I hate to be cliché and say that one of my new years resolutions is about eating healthier. So I won’t.

Instead I will concentrate less on trying to keep a resolution and more on changing my behavior for the sake of a healthier life.

As I had previously mentioned in a previous post I may have some issues with portion control. Sometimes I forget that I’m a petite woman who only needs about 1200-1400 calories a day. Let’s just say that I can eat much more than that.

Therefore, instead of saying that I will cut out all desserts and french fries from the diet, I think this is more about how much to eat and instead of what not to eat.

I stumbled upon an article this morning that definitely caught my attention about a nutrition professor who lost 27 lbs from eating Twinkies for breakfast lunch and dinner. (Not anything the professor nor I would ever promote.) Click here to find out more about the article.

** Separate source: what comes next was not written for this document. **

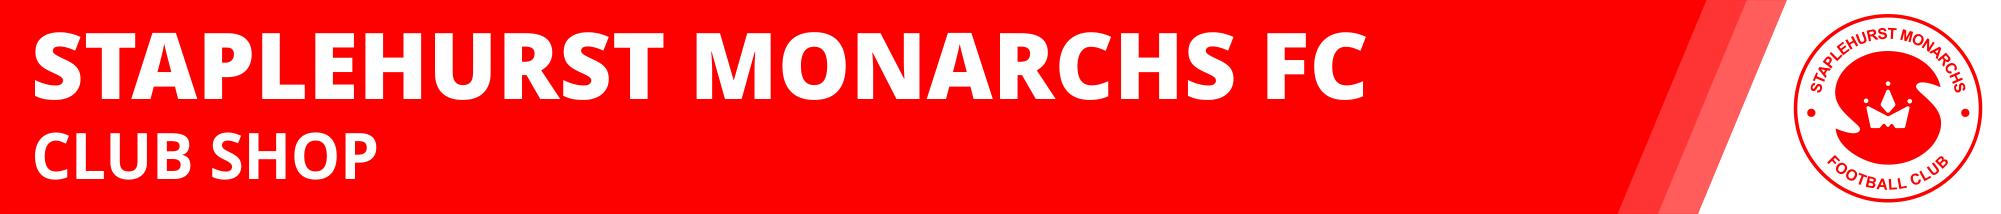 staplehurst-monarchs-fc-club-shop-banner.png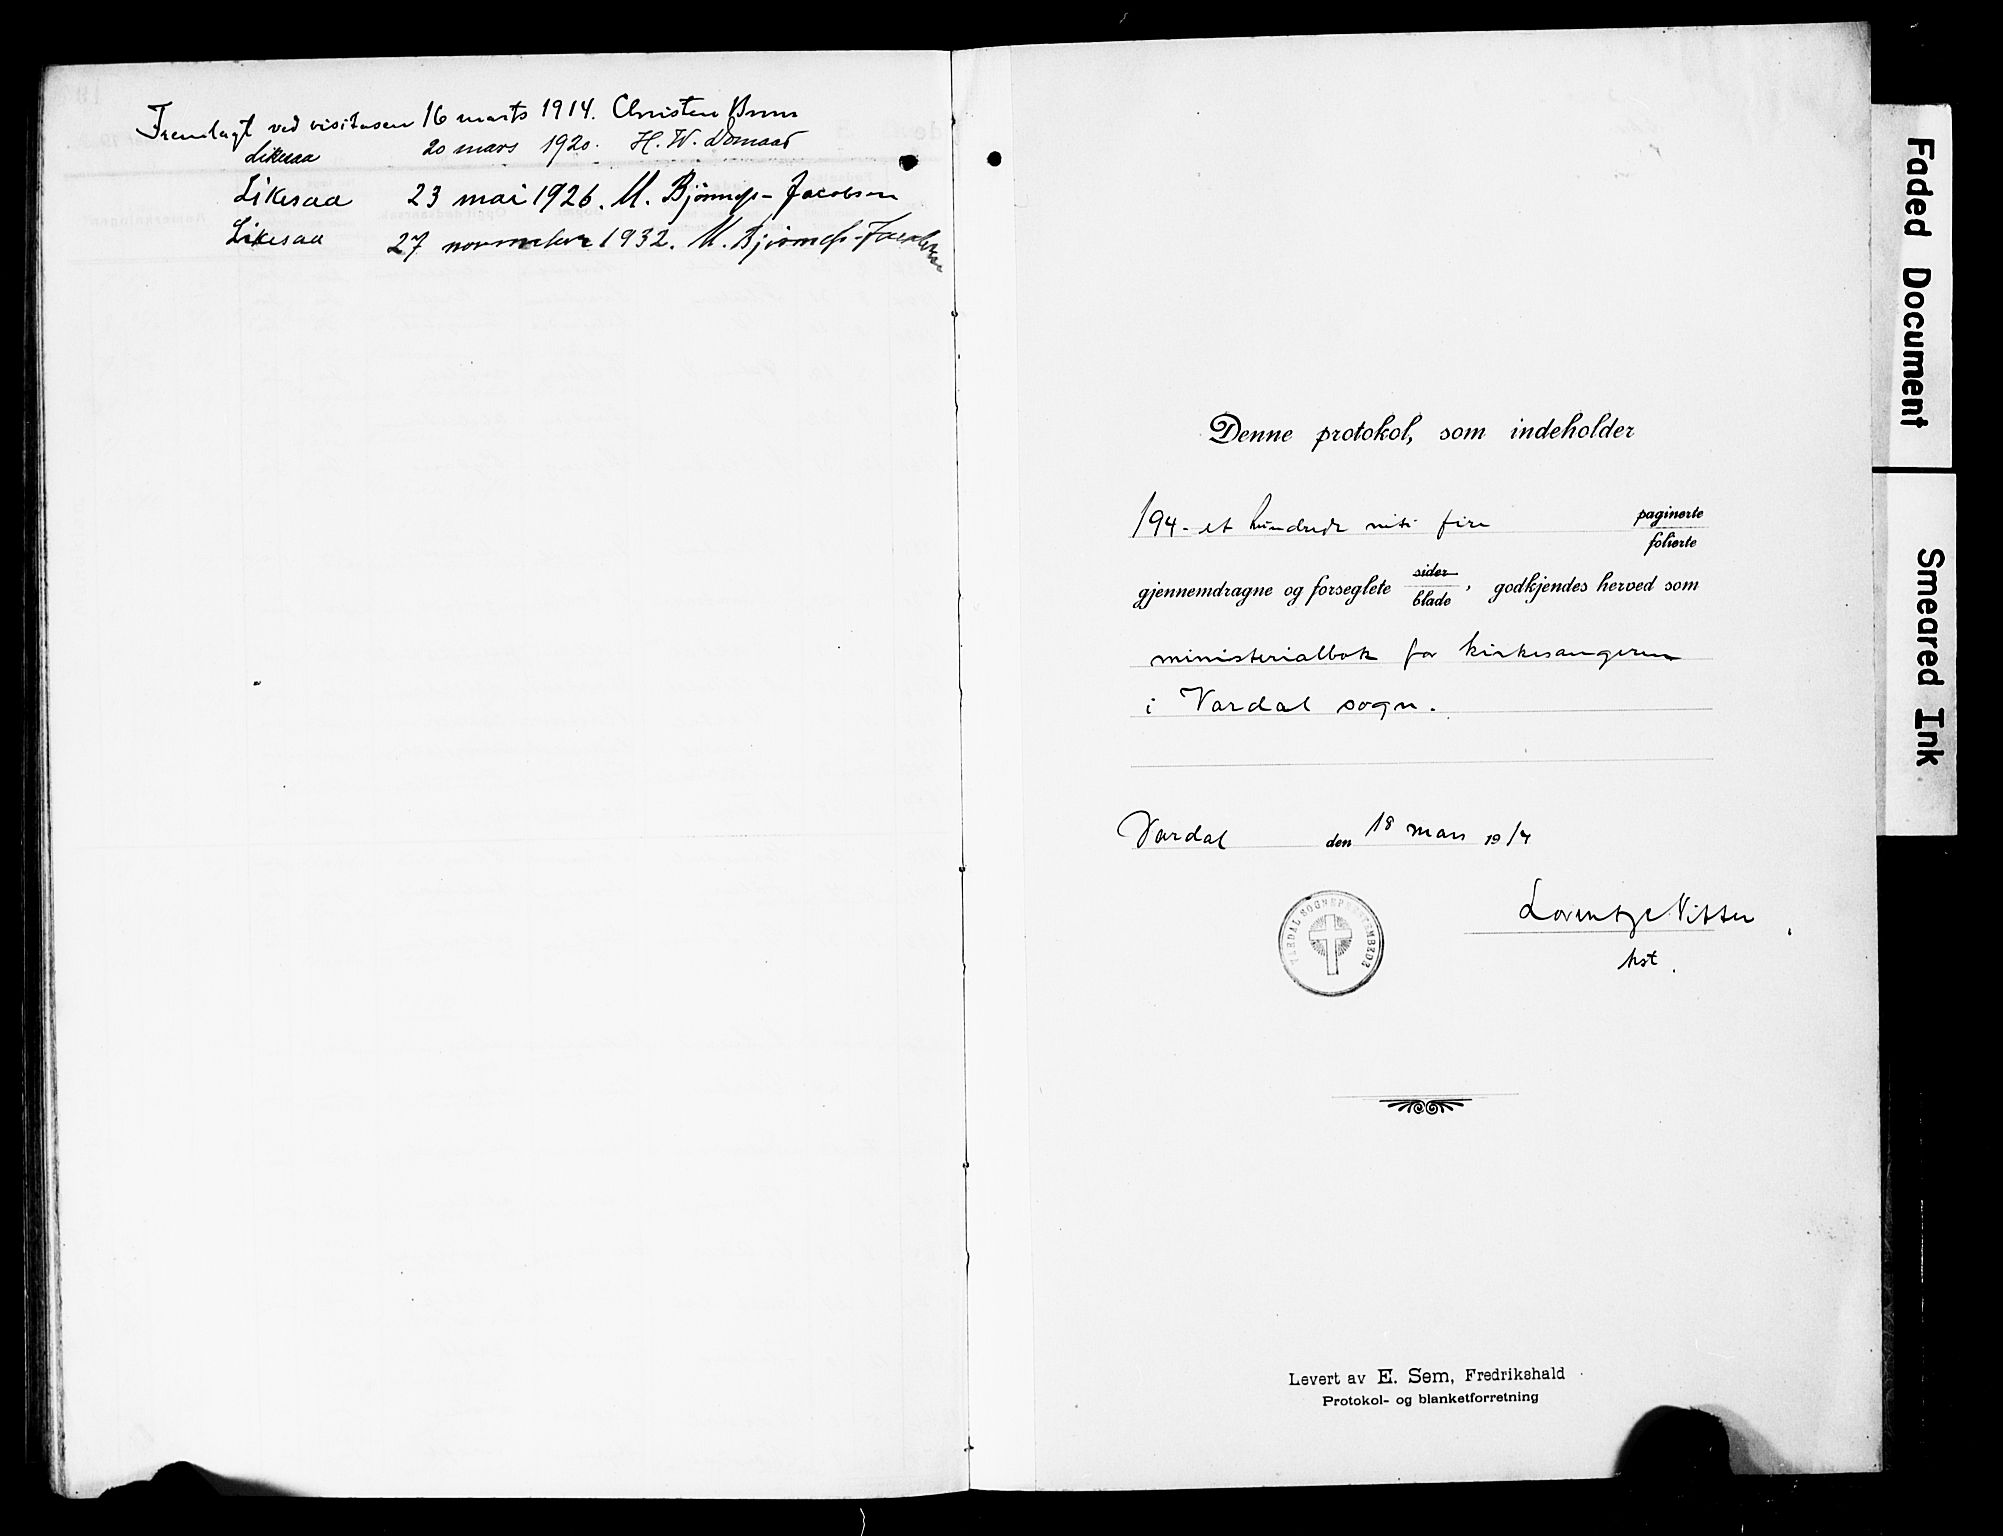 SAH, Vardal prestekontor, H/Ha/Hab/L0015: Klokkerbok nr. 15, 1914-1931

The method in this diet experiment was caloric restriction.

As a dietitian, it almost breaks my heart to hear the results of this experiment. How could someone who ate Twinkies for every meal lose weight and improve his lipid levels? What’s the main message here? Eat Twinkies and you’ll lose weight? Of course not!

Overall as a society, we are consuming way too many calories. There is no need for the average person to consume more than 2000 calories a day (give or take this amount depending on one’s height, weight, age and activity level). The take-home message wasn’t about what he had eaten that aided in his weight loss. It was all about the amount of calories he was consuming.

 

(Taken from The Healthy Today Show.) What to know if you have portion distortion? Click here.

So how can the everyday person, including myself, learn how to dial down the calories and eat appropriate portions?

I don’t have all the answers but I may have a few tips to share.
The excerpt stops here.